Страйф принёс еду и воду и не отстал, пока генерал не съел и не выпил всё, что ему принесли. Откуда он взял столько решительности, раздражённый Сефирот не задумался. Обычно Клауд Страйф молчал. Потом пехотинец опять пришёл с едой и водой. Он был до того настырен, что генерал взял его за шкирку и выставил за дверь. Страйфа это не остановило.
Интересно, он вообще понимал, насколько рискует? Клауд вздохнул во сне, повозился, но ногу Сефирота не отпустил. Генерал еле заметно усмехнулся.
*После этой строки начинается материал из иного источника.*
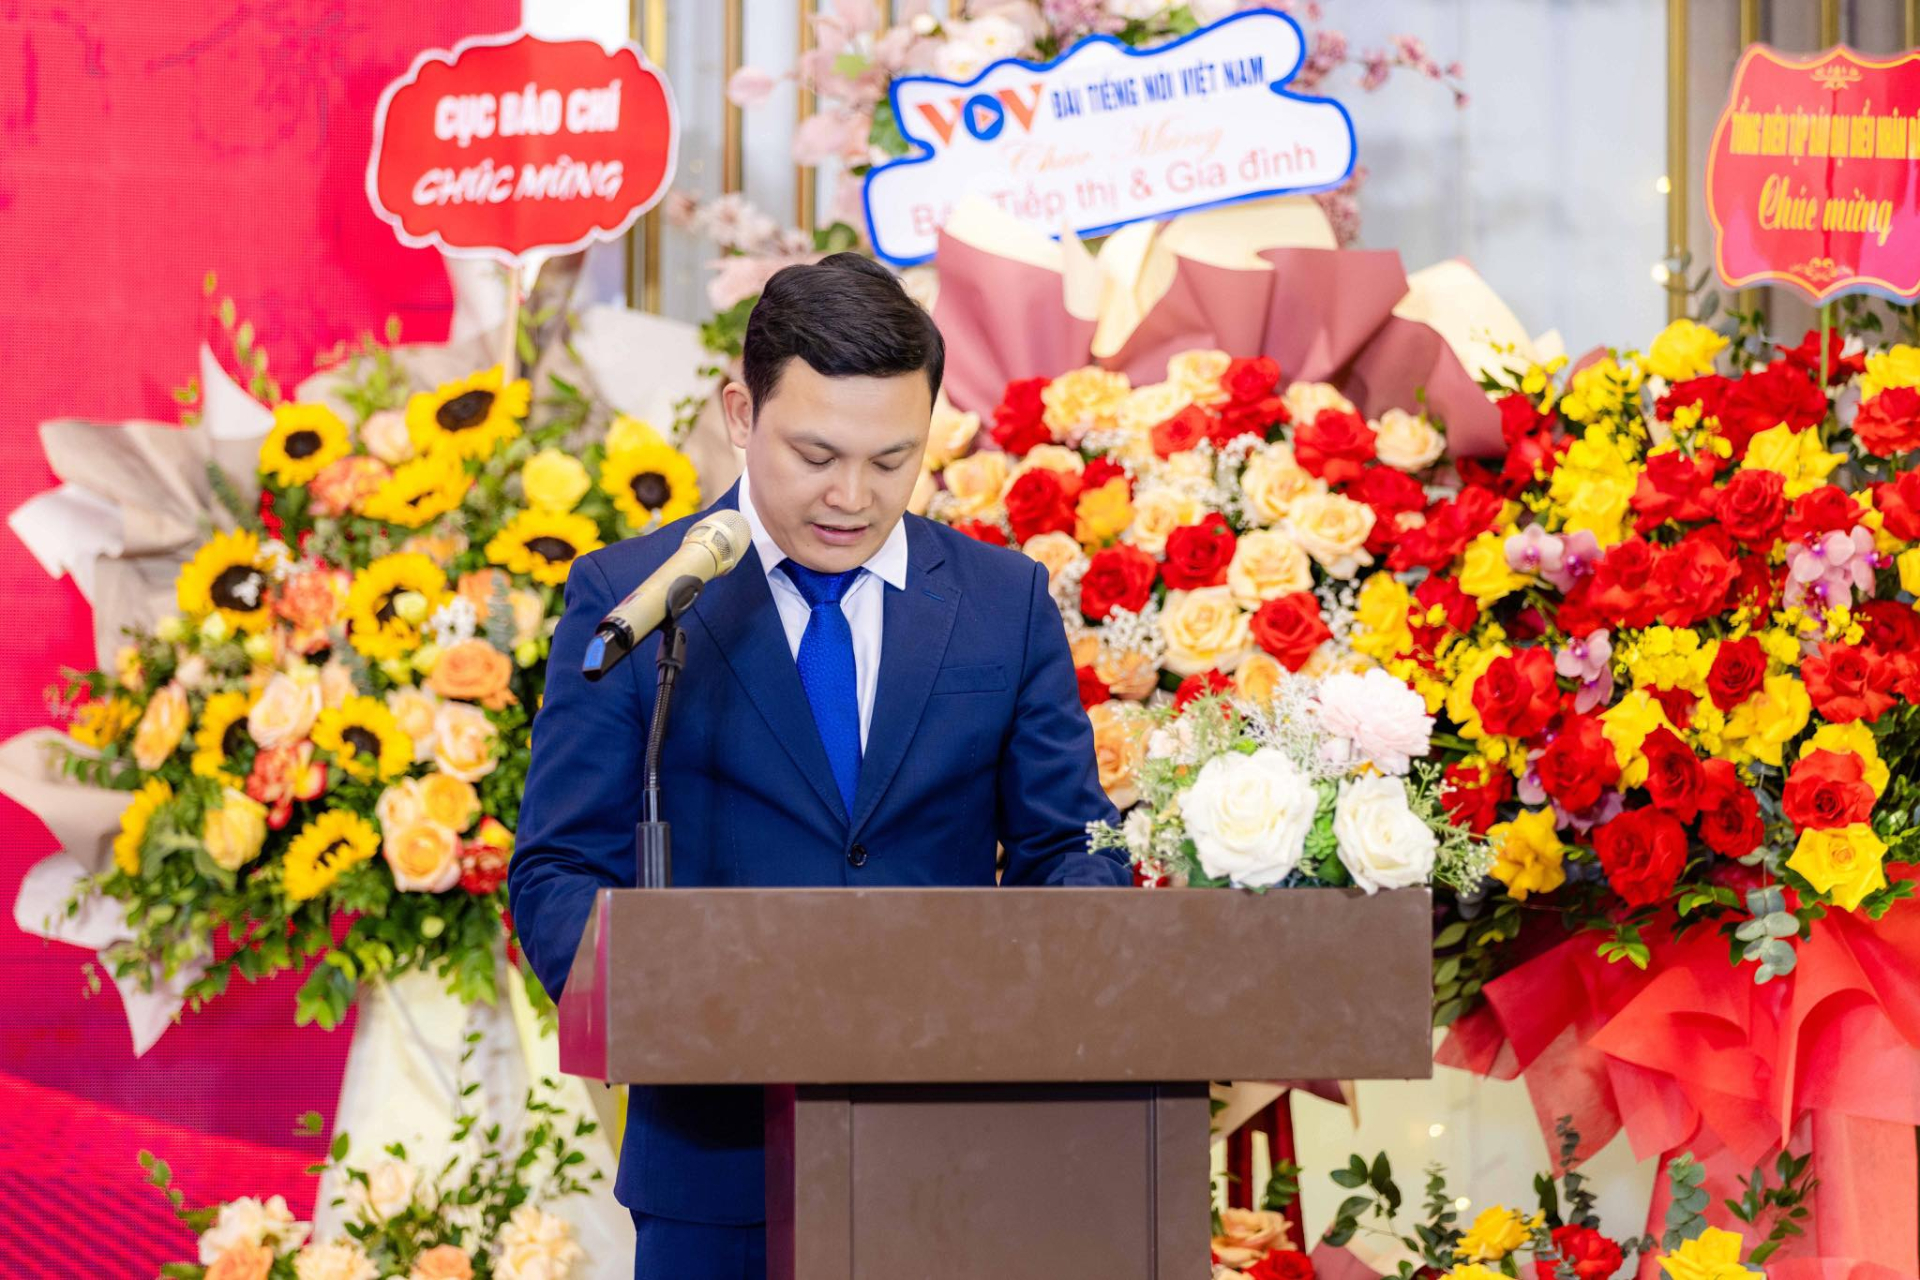 Nhà báo Hoàng Vững - Tổng Biên tập Tạp chí Tiếp thị & Gia đình phát biểu tại buổi lễ.

После четырёх суток в архиве был провал. Сефирот не помнил, читал ли он дальше или что он делал. Следующее воспоминание — холод стекла под щекой. И упрямый голос над ухом: «Генерал, она не может быть вашей мамой. Посмотрите, у неё и живота-то нет. Генерал, это не ваша мама». Голос мальчишеский, охрипший. И голос внутри головы: «Ты мой, покорись мне. Убей. Убей всех. Ты мой, мальчик». Виски ломит, словно голову стянул металлический обруч. Взгляд вверх — за толстым голубоватым стеклом на стационарных креплениях висит... кто? На ней что-то вроде шлема той же надписью «Д.Ж.Е.Н.О.В.А.». Она живая и мёртвая одновременно. Сефирот не может оторвать взгляд от её волос — таких же длинных и серебряных, как у него самого. Мама? Но вместо тепла у него в груди — мертвящий холод: «Убей».
Мальчишка не сдаётся. Он смертельно устал, он сам хочет упасть на пол и к чему-нибудь прислониться, но ему есть, за кого бороться с этим страшным существом в стеклянной витрине. «Генерал, это не ваша мама. У вас есть мама. Её зовут Лукреция. Давайте мы лучше найдём её. Генерал, это не ваша мама. Она вообще не живая».
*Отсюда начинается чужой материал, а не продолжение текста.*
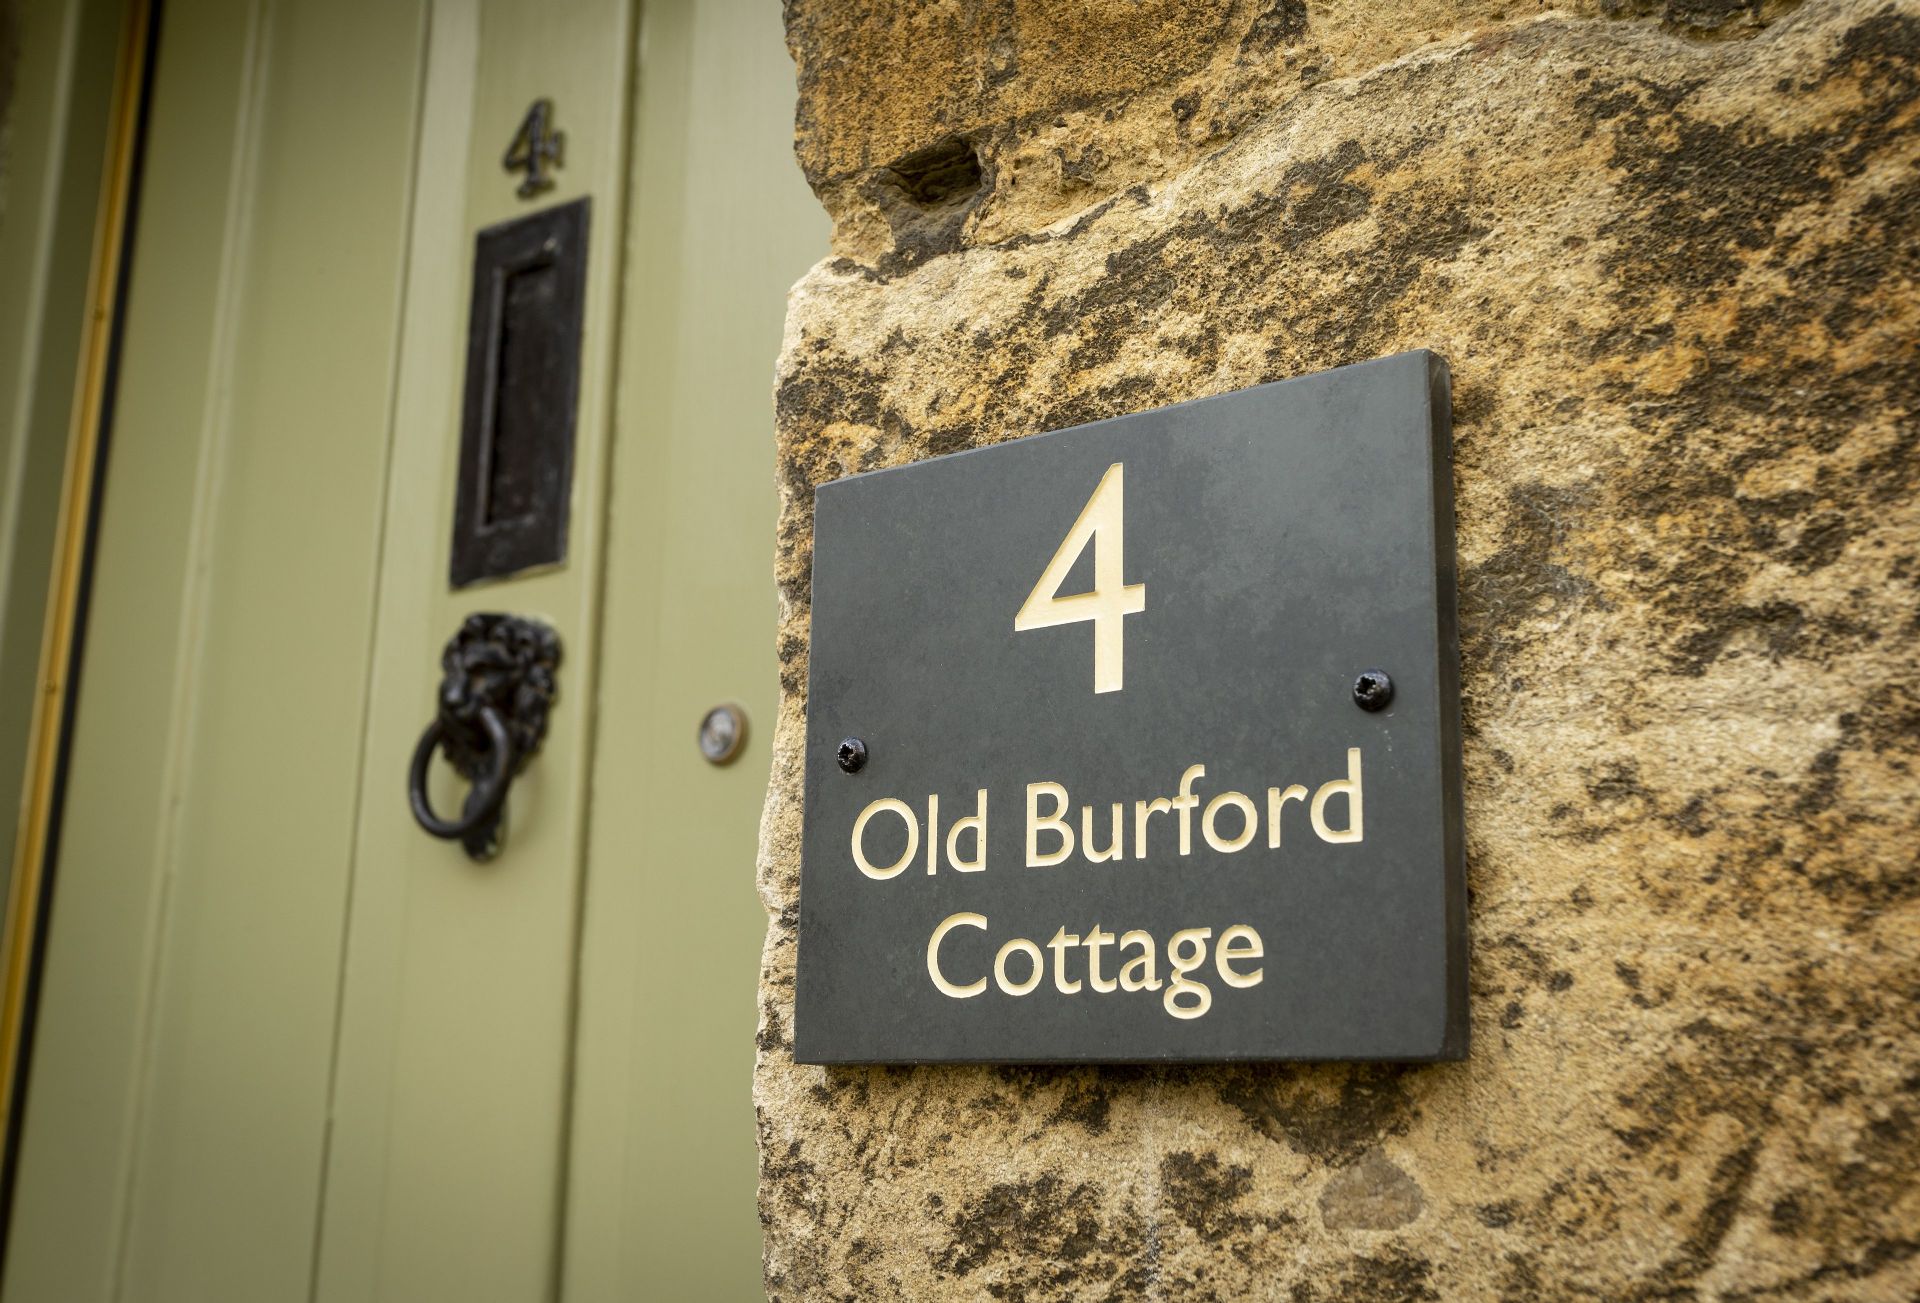 Old Burford Cottage

Сефирота поднял на ноги гнев. Не на Страйфа — на тех, кто всю его жизнь использовал Солджера Первого Класса, как марионетку. Этот гнев перекрыл мёртвый голос в голове. Генерал призвал Масамунэ и бросил себя сквозь много дней пути — в Мидгар. Город на Плите пал под его яростью. Сефирот осознал себя среди горящих развалин «Шинра-билдинг». Из руин выбирались чудом уцелевшие люди. Масамунэ была чёрной от крови, тяжёлой и сытой. Генерал еле стоял на ногах. Куда теперь ему было идти и что делать? Воспоминанием всплыл голос упрямого мальчишки: «Генерал, это не ваша мама». Последним усилием Сефирот шагнул обратно, к крохотному городку у подножия гор.
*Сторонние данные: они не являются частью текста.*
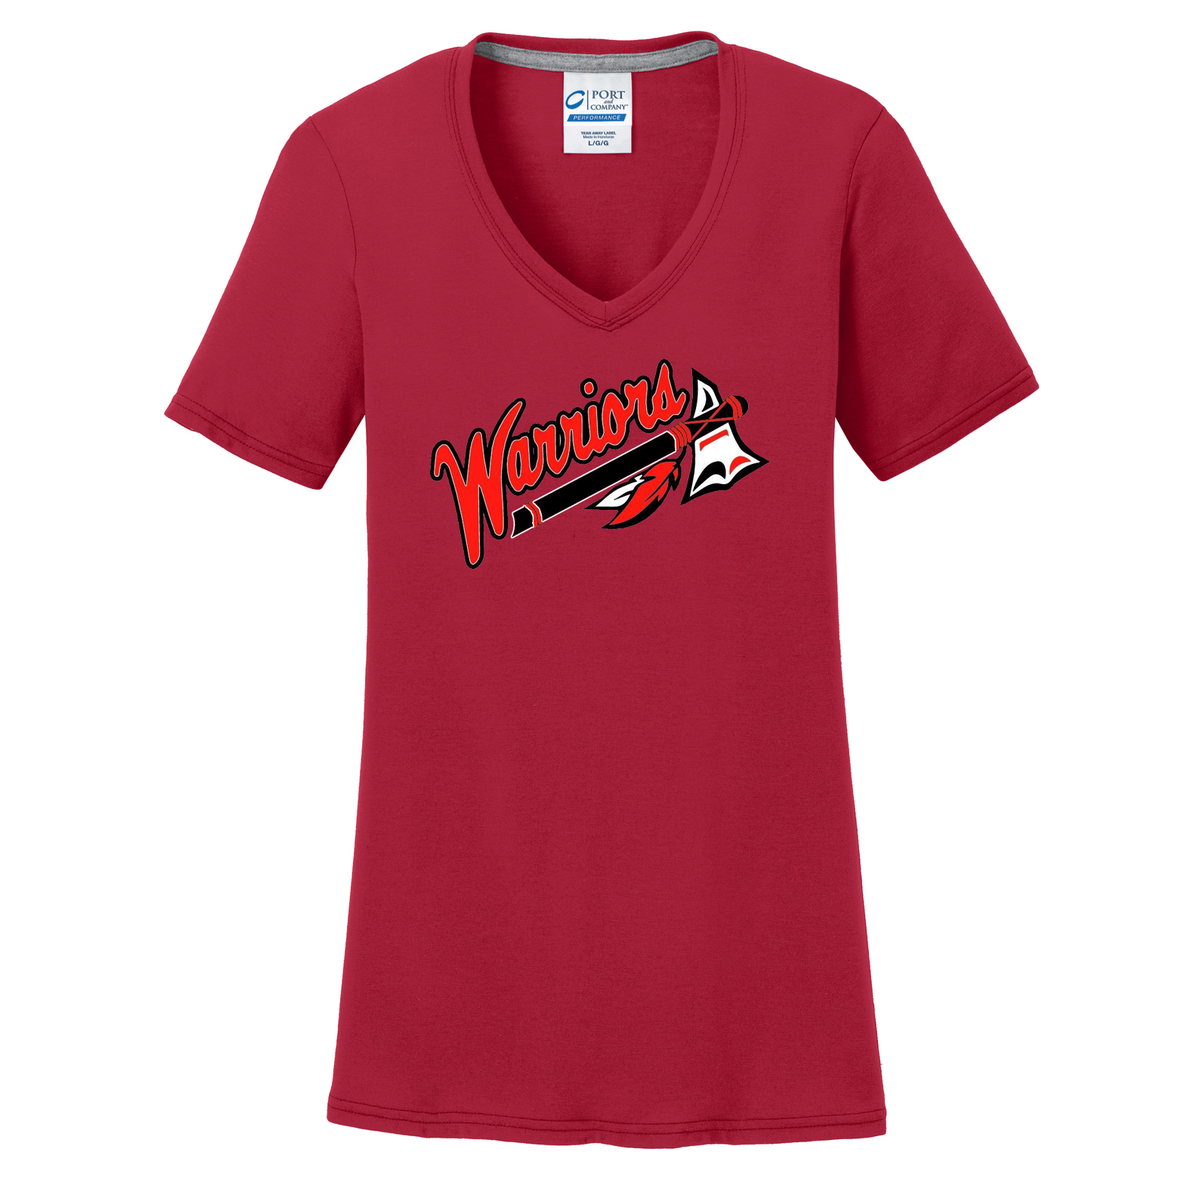 Dothan Warriors Softball Women's T-Shirt

Первый раз про Клауда Страйфа упомянул Фэйр после того злополучного задания с ТУРКами. Мол, мальчишка хорошо держался и отлично себя показал в критической ситуации. Сефирот опять еле заметно усмехнулся. Похоже, критические ситуации — конёк этого пехотинца. И генерала, который был весь в крови, гари и явно не в себе, Клауд Страйф не испугался. Просто спросил: «Вы не ранены?»
Сефирот осторожно протянул руку и коснулся тёплых перепутанных волос. Во всей лжи, которой была его жизнь, этот мальчишка был настоящим. Настоящим якорем, за который можно было держаться.